_Information provided_:
--- START ---

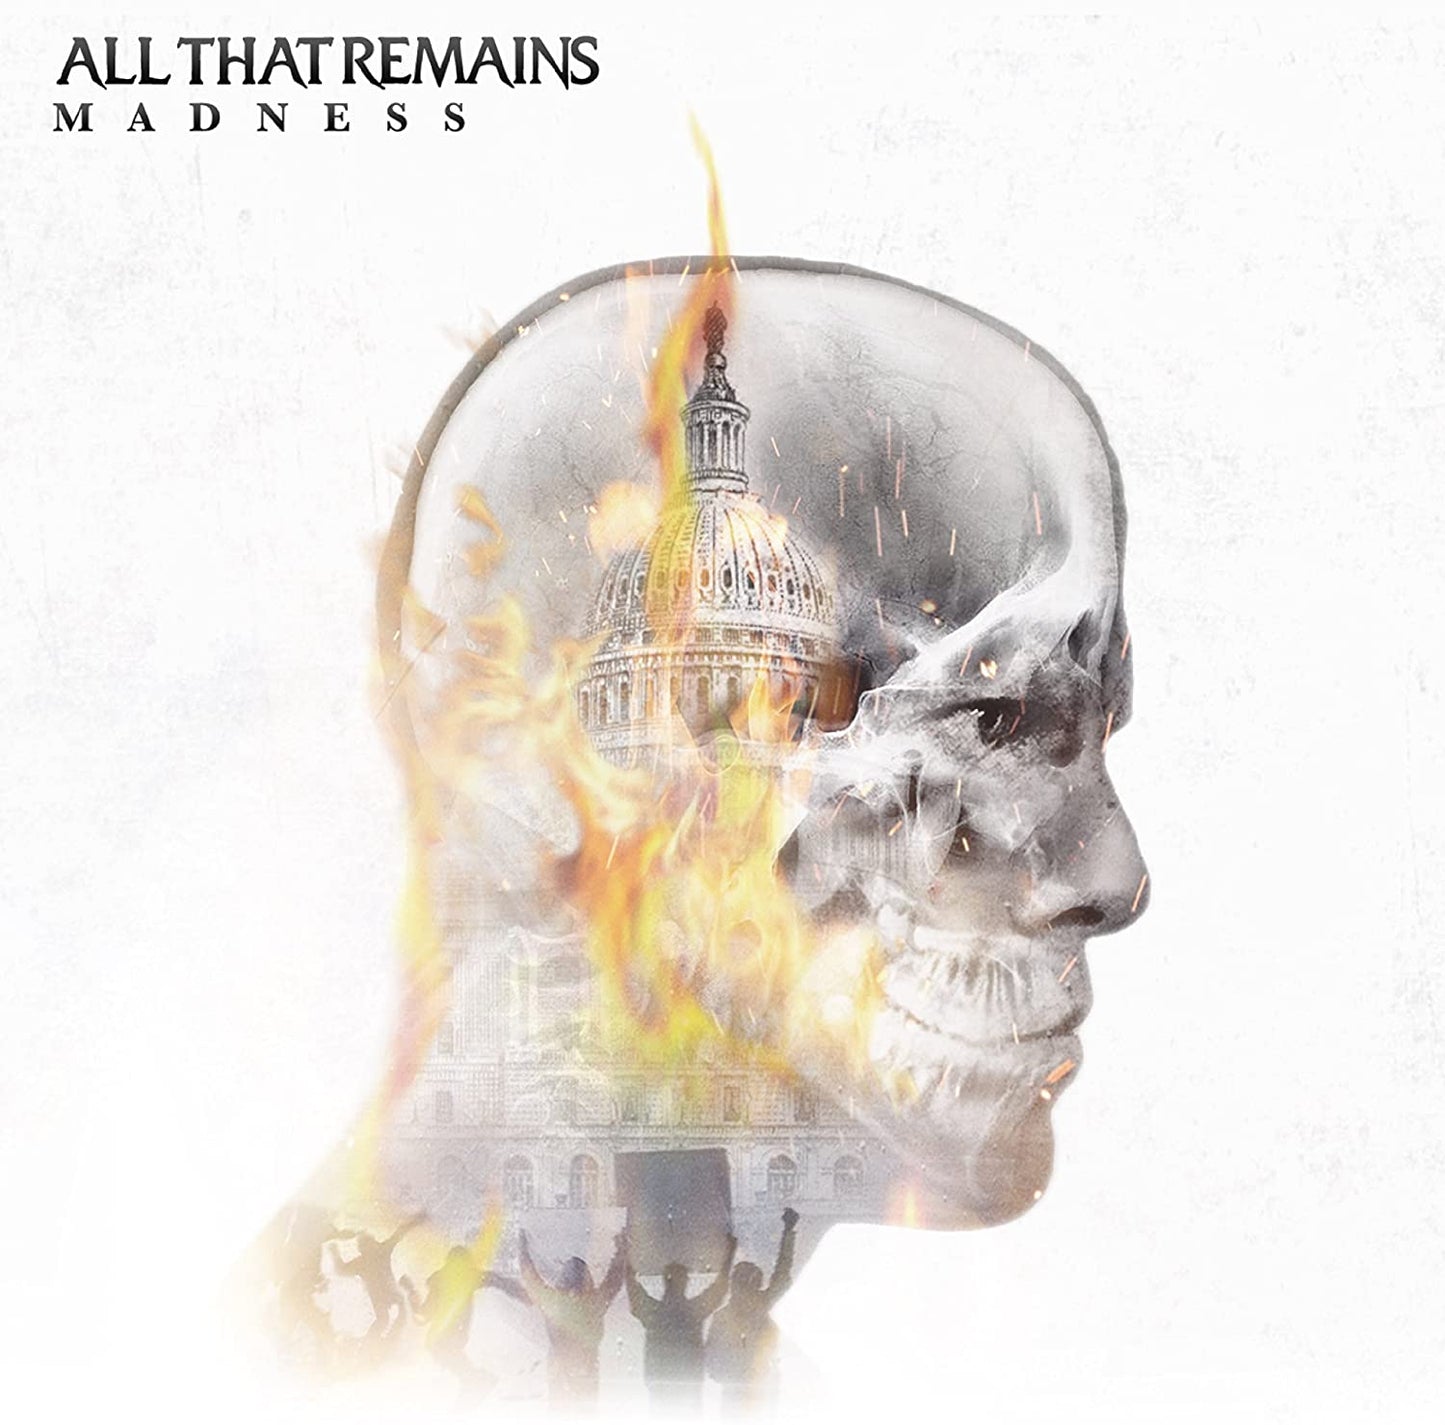 All That Remains - Madness - CD
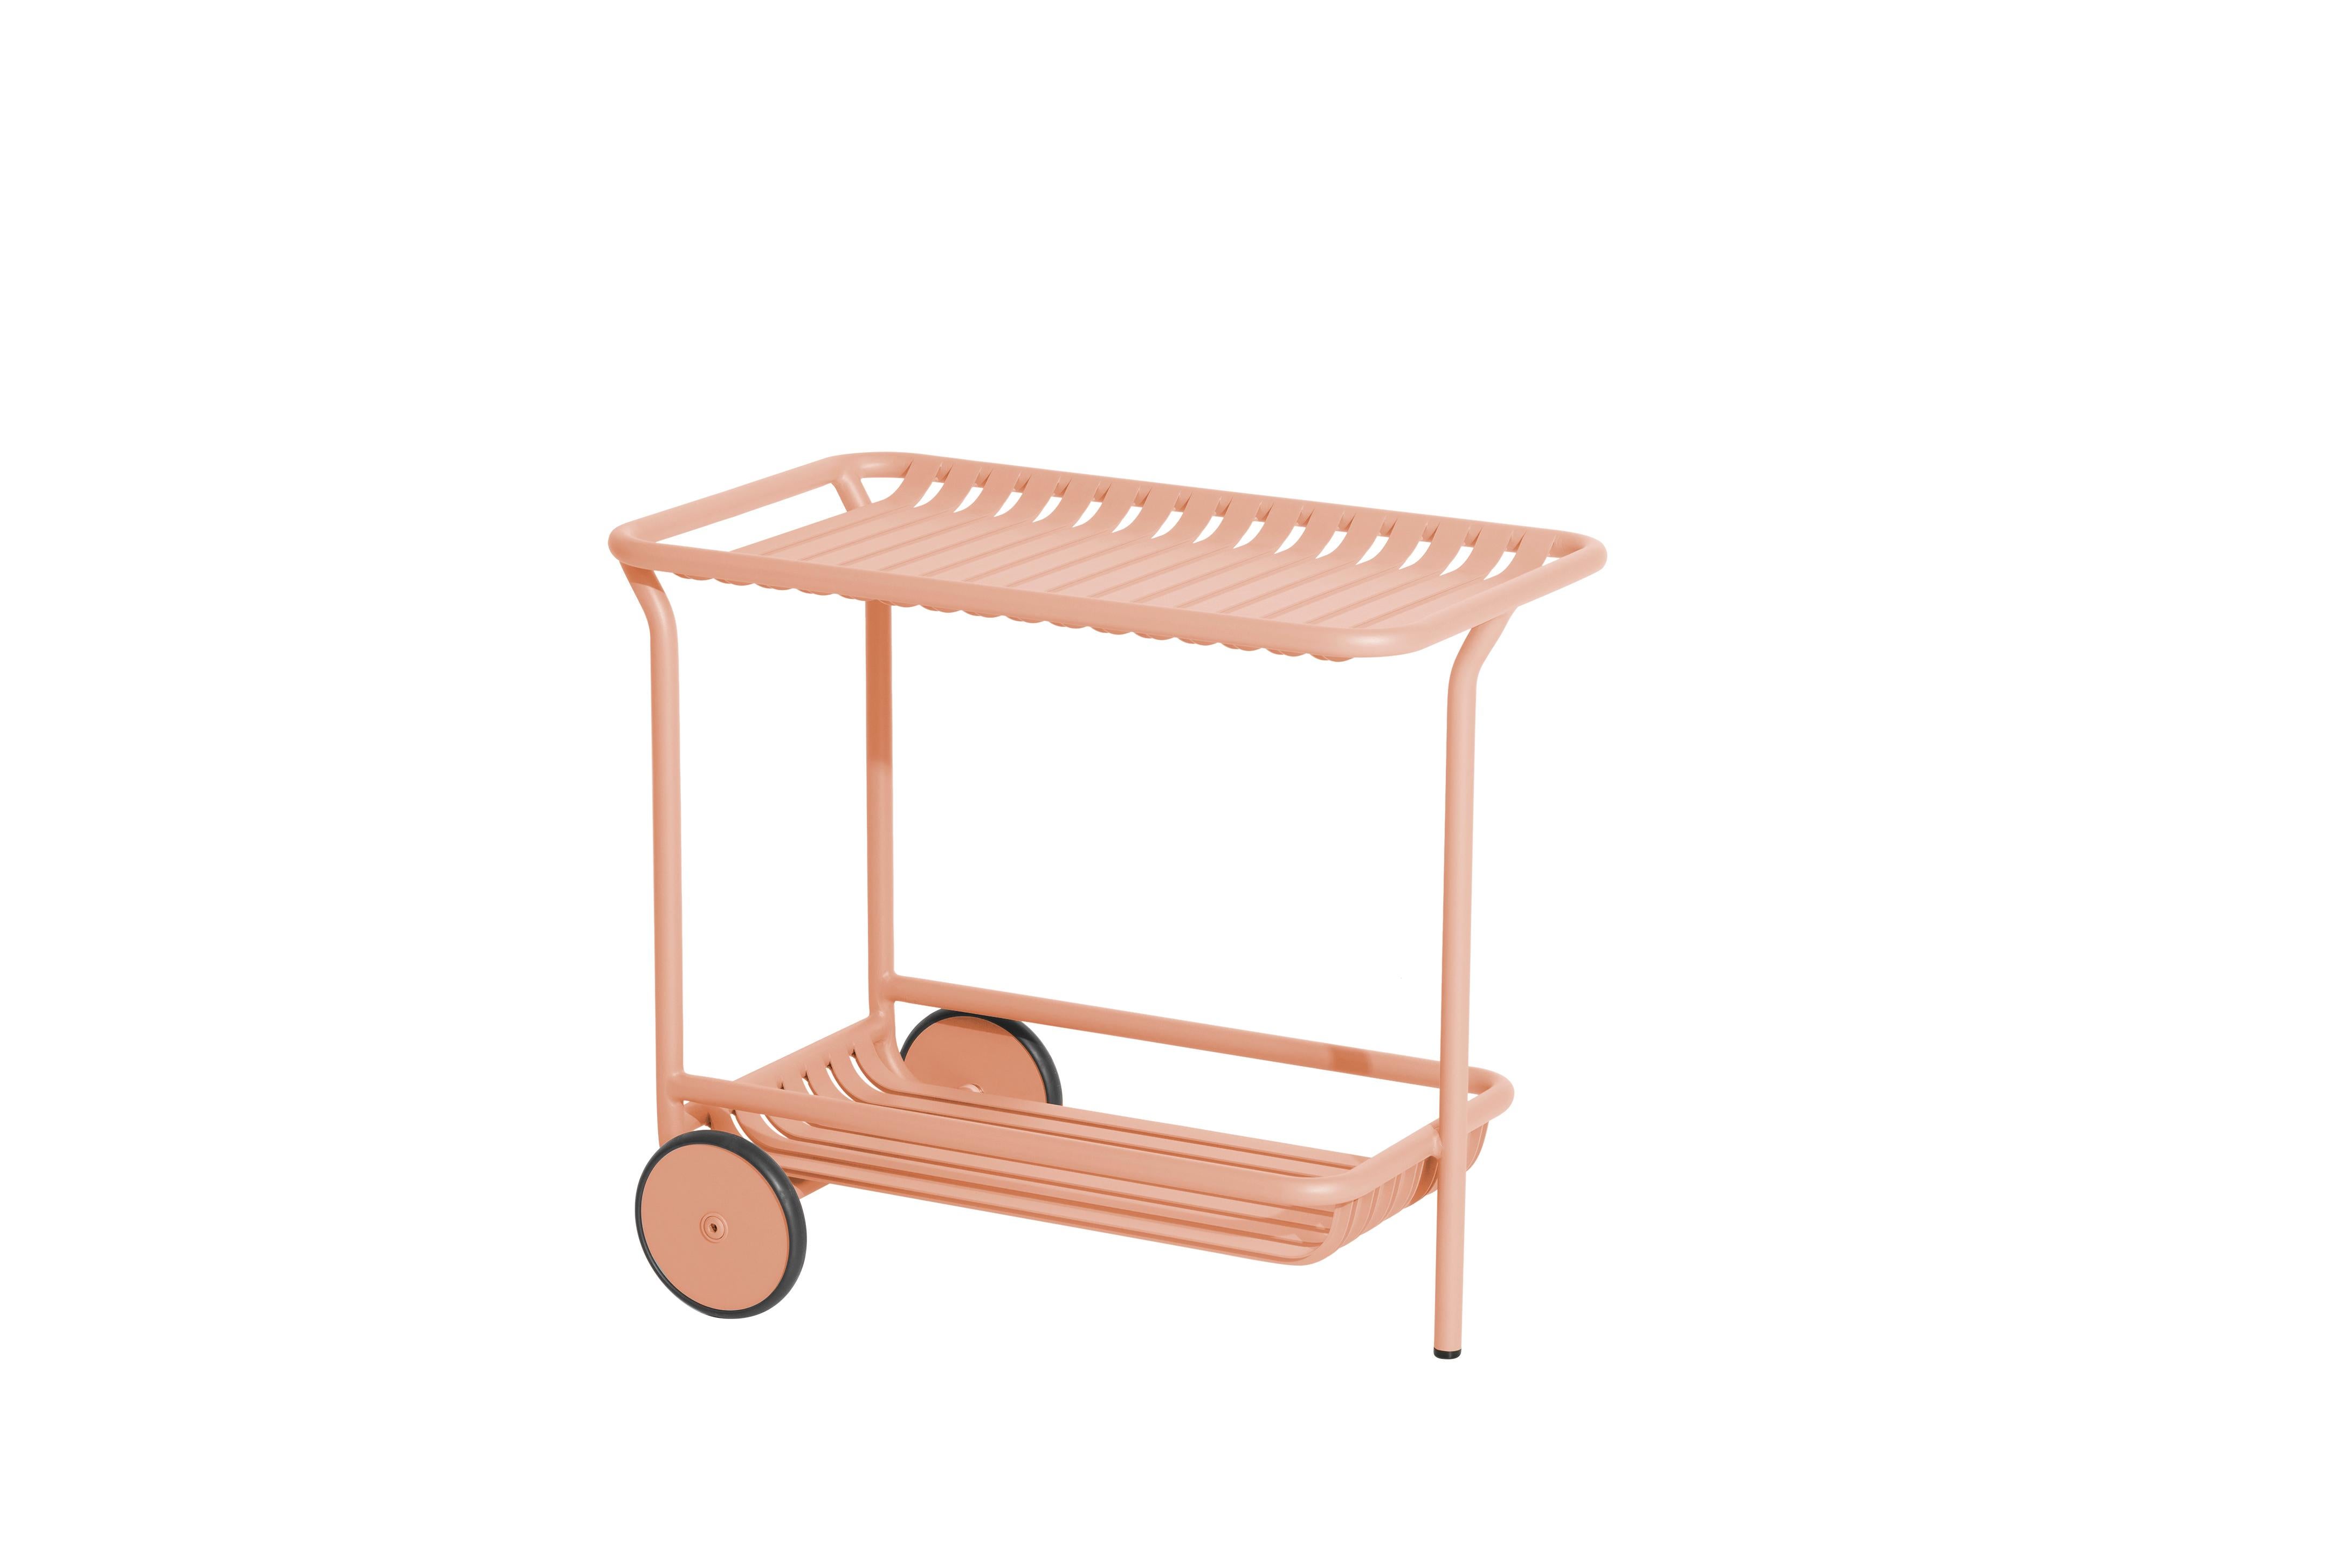 Petite Friture Week-End Trolley in Blush Aluminium by Studio BrichetZiegler, 2017

The week-end collection is a full range of outdoor furniture, in aluminium grained epoxy paint, matt finish, that includes 18 functions and 8 colours for the retail
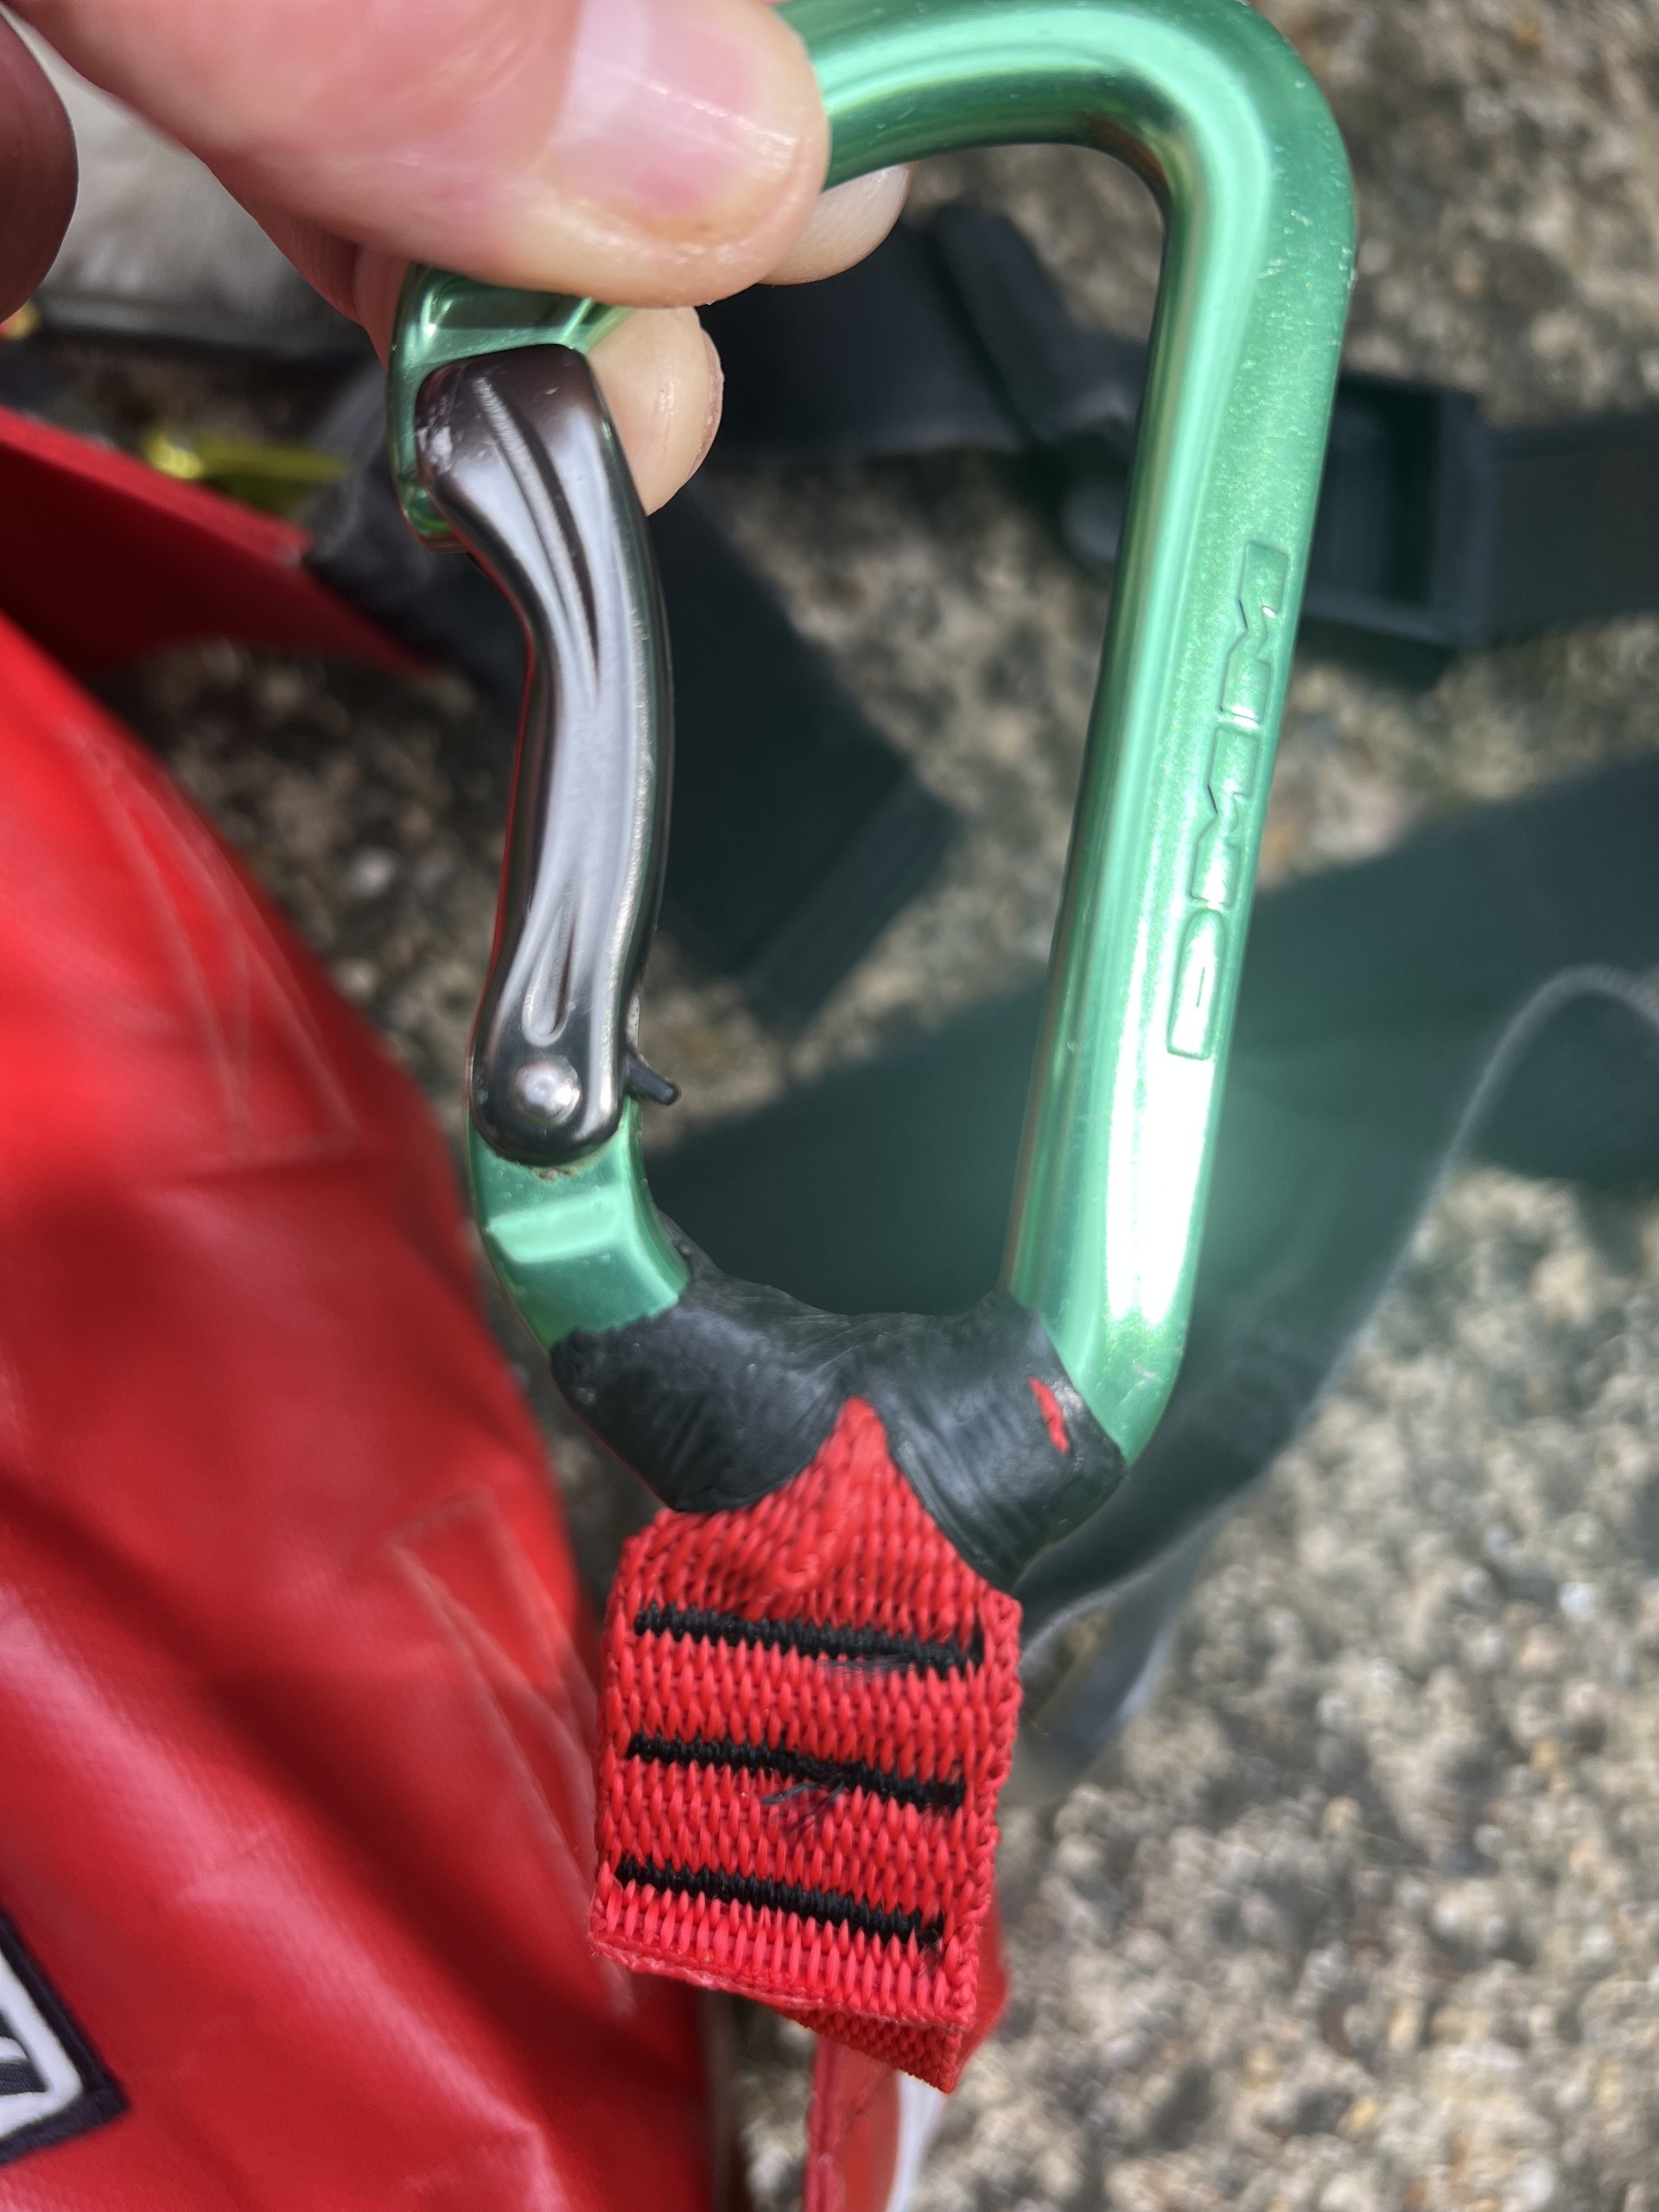 Carabiners need replacing on this tow system.

--- END ---

_Exercise brief_: Begin with the line containing "The week-end collection" and end with the last line of the material above; return exactly those lines, both ends included, and omit all pictures.

_Finished exercise_:
The week-end collection is a full range of outdoor furniture, in aluminium grained epoxy paint, matt finish, that includes 18 functions and 8 colours for the retail
 Carabiners need replacing on this tow system.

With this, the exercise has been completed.